BOGOR, INFODESAKU – Pengurus FPK Kab. Bogor periode 2020 -2025 , pada acara buka bersama pengurus dan perwakilan etnis suku, di RM Padang Mersi Cibinong, memilih TB Enung sebagai ketua FPK peride 2025-2030 secara aklamasi dengan pertimbangan di bawah kepemimpunan TB Enung di periode sebelumnya FPK Kabupaten Bogor mengalami banyak kemajuan. Langkah ini juga di ambil sebagai bentuk penolakan pada musda yang diadakan pada tanggal 27 pebuari 2025, undangan yang di terima saat itu adalah silaturahmi dan musyawarah pengurus bukan musda.
Sinwan MZ, salah satu pengurus FPK Kabupaten Bogor, kami menolak keputusan yang di buat pada tanggal 27 pebuari, musda yang diadakan tidak sesuai dengan undangan yang di sebar. Musda terkesan dipaksakan dan ketua di todong untuk menyetujui musda dadakan
“ Karena itu hari ini di acara buka bersama para pengurus FPK yang mewakili etnis masing-masing suku, saya mengajak teman-teman pengurus untuk meninjau dan memusyarahkan kembali keberlangsungan FPK Kab. Bogor kedepan,” ucapnya.
Sekretaris FPK, Nur Amin SH, menceritakan kronologis kejadian pada saat musda dadakan, kemudian menyerahkan keputusan kepada forum yang di hadiri oleh etnis suku pengurus FPK.

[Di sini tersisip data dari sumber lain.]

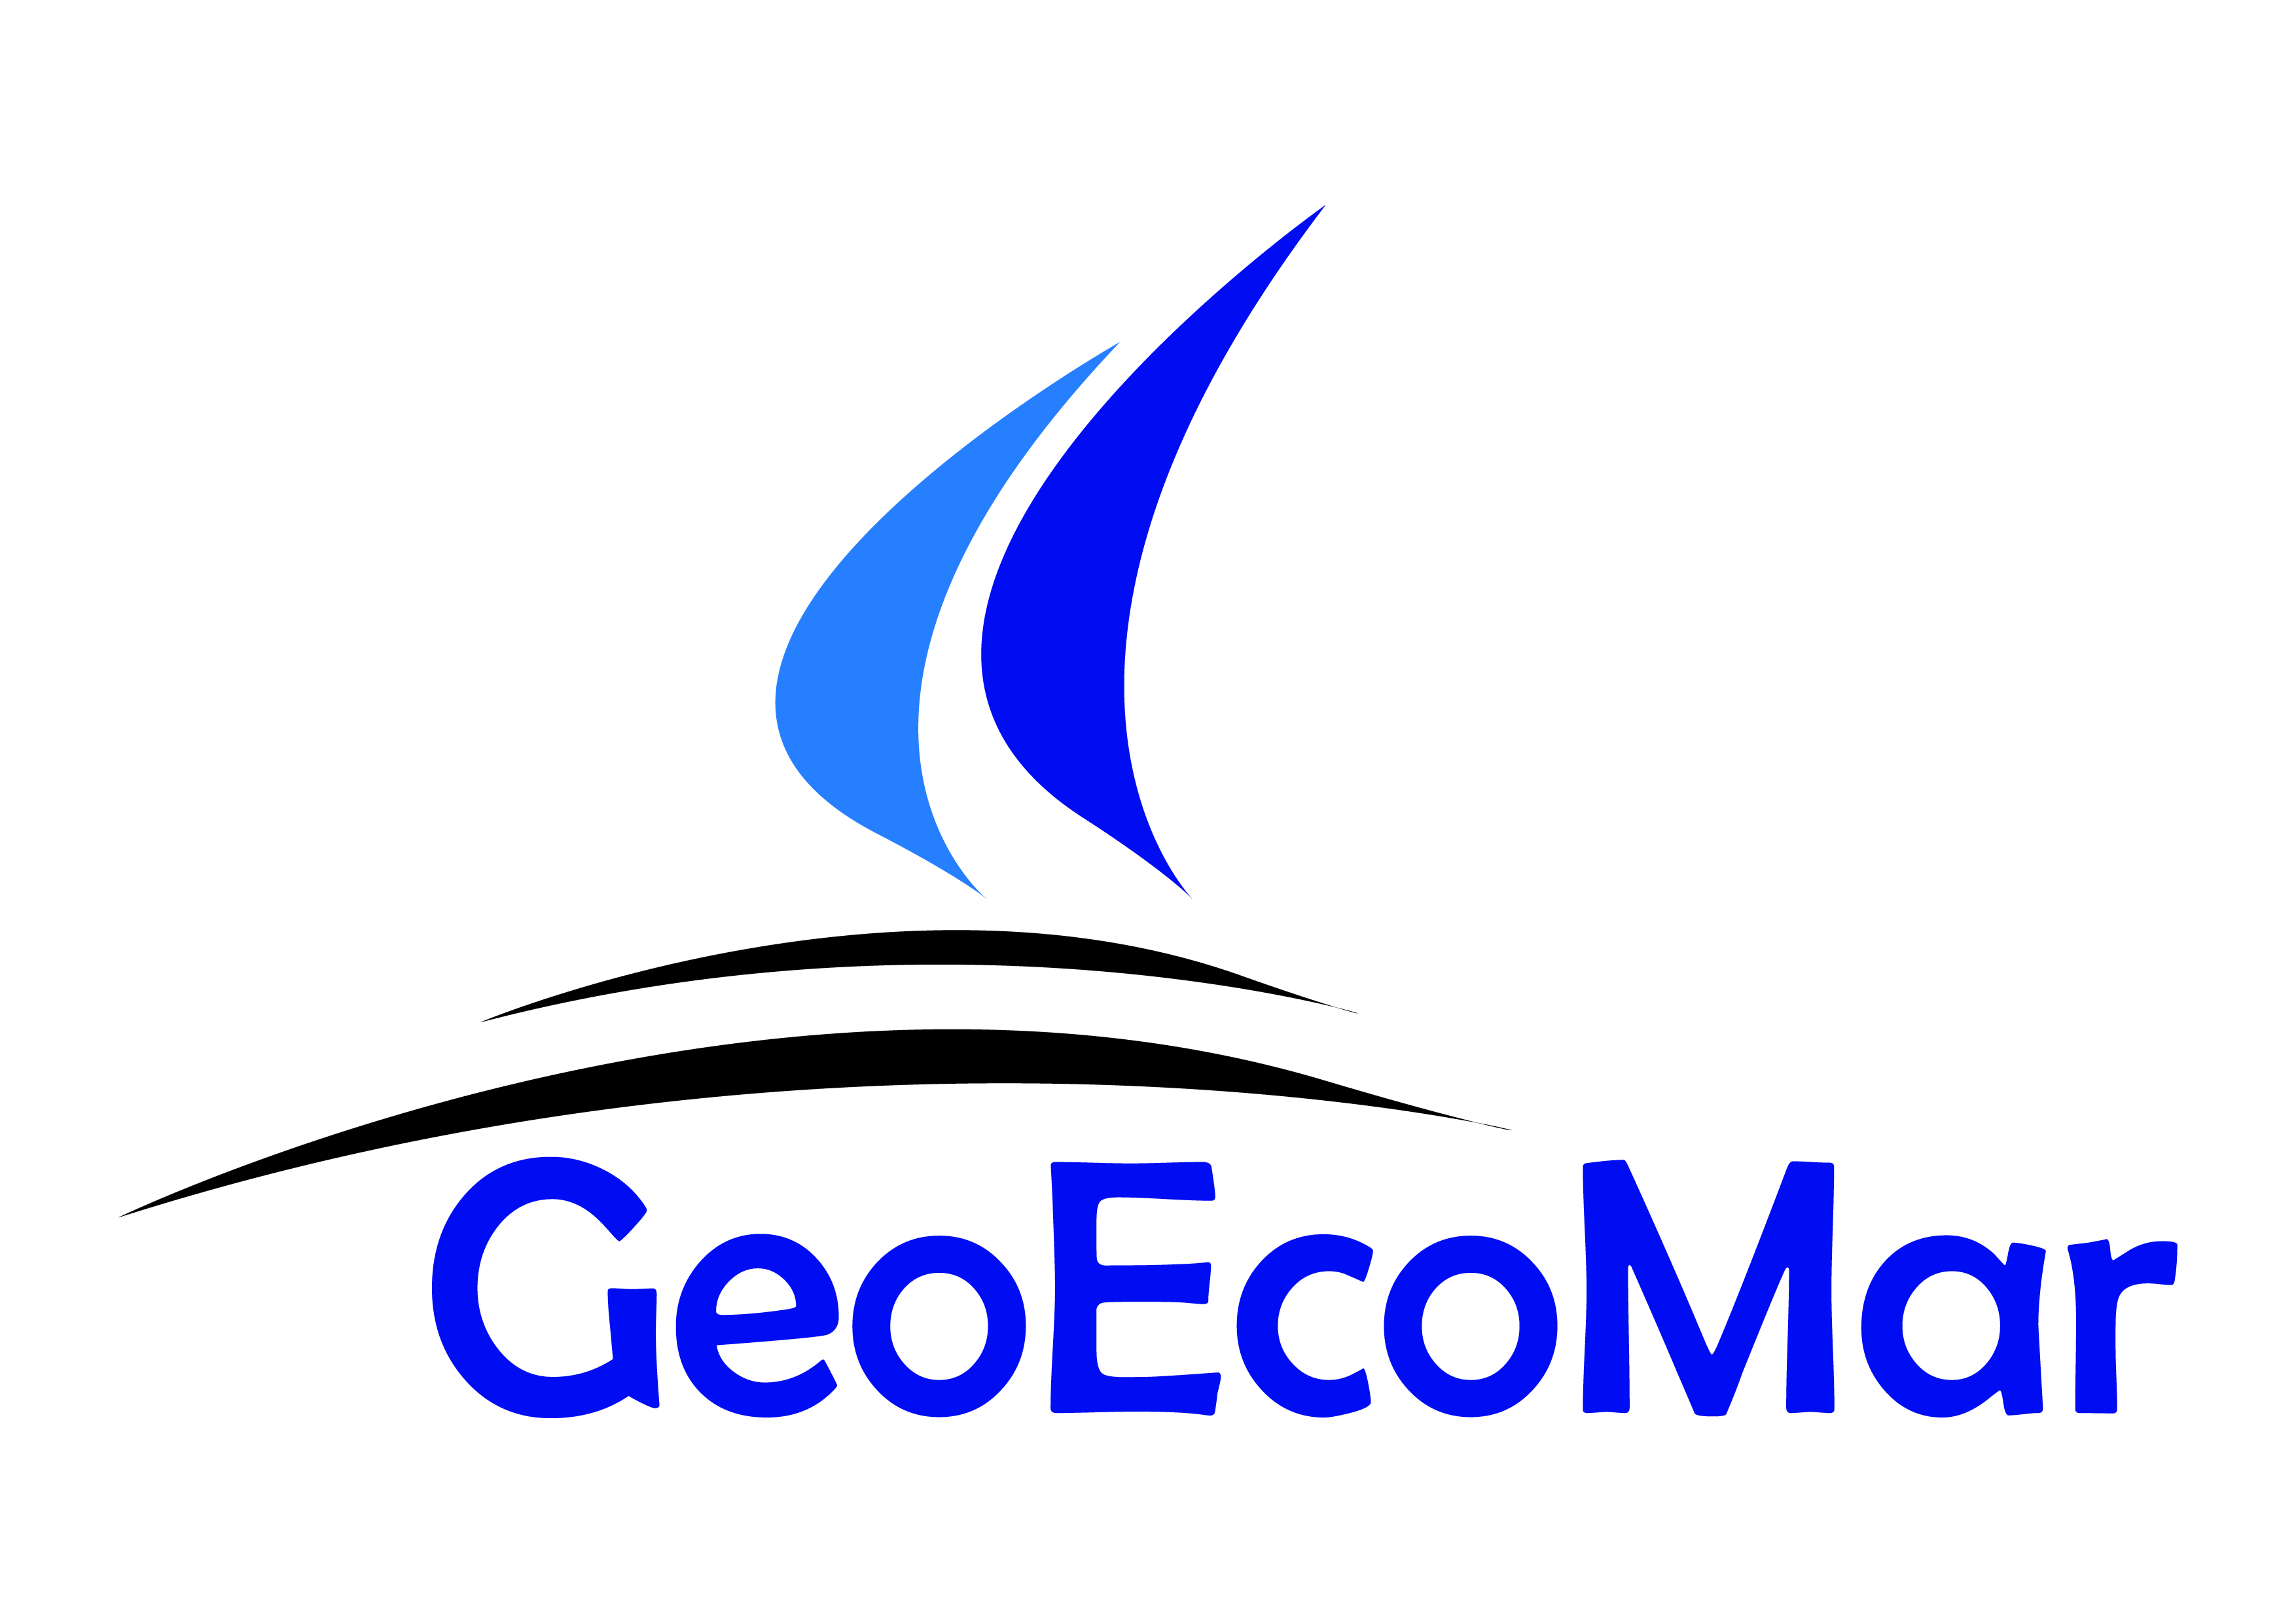 GEOECOMAR logo

“ Kami sudah menyampaikan surat penolakan secara resmi kepada pihak terkait, sekarang bagaimana menurut teman-teman perwakilan etnis tentang kejadian tersebut?” imbuhnya.
Drs. Edrizal utusan etnis minang dalam sambutannya menyampaikan, Saya memohon maaf kalau selama ini belum aktif dalam kegiatan FPK, tetapi saya orang pertama yang mengusulkan TB Enung sebagai calon Ketua FPK di periode berikutnya, boleh ditanyakan kepada semua yang hadir pada acara tanggal 27 kemarin, semoga FPK selanjutnya bisa berkembang lebih baik lagi”.
Albert, perwakilan etnis suku Toraja, menambahkan , “Kami menolak keputusan itu, dan tetap percaya dibawah kepemimpinan TB Enung FPK akan terus berkembang, kami tetap memilih TB Enung sebagai ketua periode selanjutnya.
Ari Ambon menambahkan “ menyelenggarakan Musda itu ada mekanismenya bukan dadakan, kita ini organisasi plat merah di bawah kepemimpinan pemerintah resmi, masa tidak tahu cara mengadakan musda, dan yang hadir siapa saja, mewakili setiap etnis tidak? itu kan judulnya silaturahmi bukan musda, kita sudah mengajukan penolakan atas keputusan itu, dan kami tetap mendukung TB Enung sebagai Ketua selanjutnya”.
Ipinistati bendara FPK yang mewakili masyarakat pasma melayu sumatra dalam pertemuan itu menyatakan sikap tetap mendukung TB enung sebagai ketua selanjutnya melanjutkan untuk periode kedua.
Kaharudin, salah satu pengurus inti FPK, “ Kalau semua etnis masih mempercayai kepemimpinan TB Enung , Kita akan ambil suara secara aklamasi untuk memilih kembali TB Enung sebagau ketua di periode selanjutnya, bagaimana menurut forum?”
Semua yang hadir menyetujui usul tersebut, Ale mansur, Anen, Indra, Ratna, Sri Handayani, Irfan, Anwar, Ending, Lilis, St mariah, Yuni, Diana, Aldo, Wahyudin , seluruh pengurus yang hadir termasuk pembina menyetujui pemilihan TB Enung sebagai Ketua FPK Kab. Bogor periode berikutnya.
Forum menunjuk Nur Amin SH sebagai ketua panitia pemungutan suara dan Kaharudin sebagai sekretaris.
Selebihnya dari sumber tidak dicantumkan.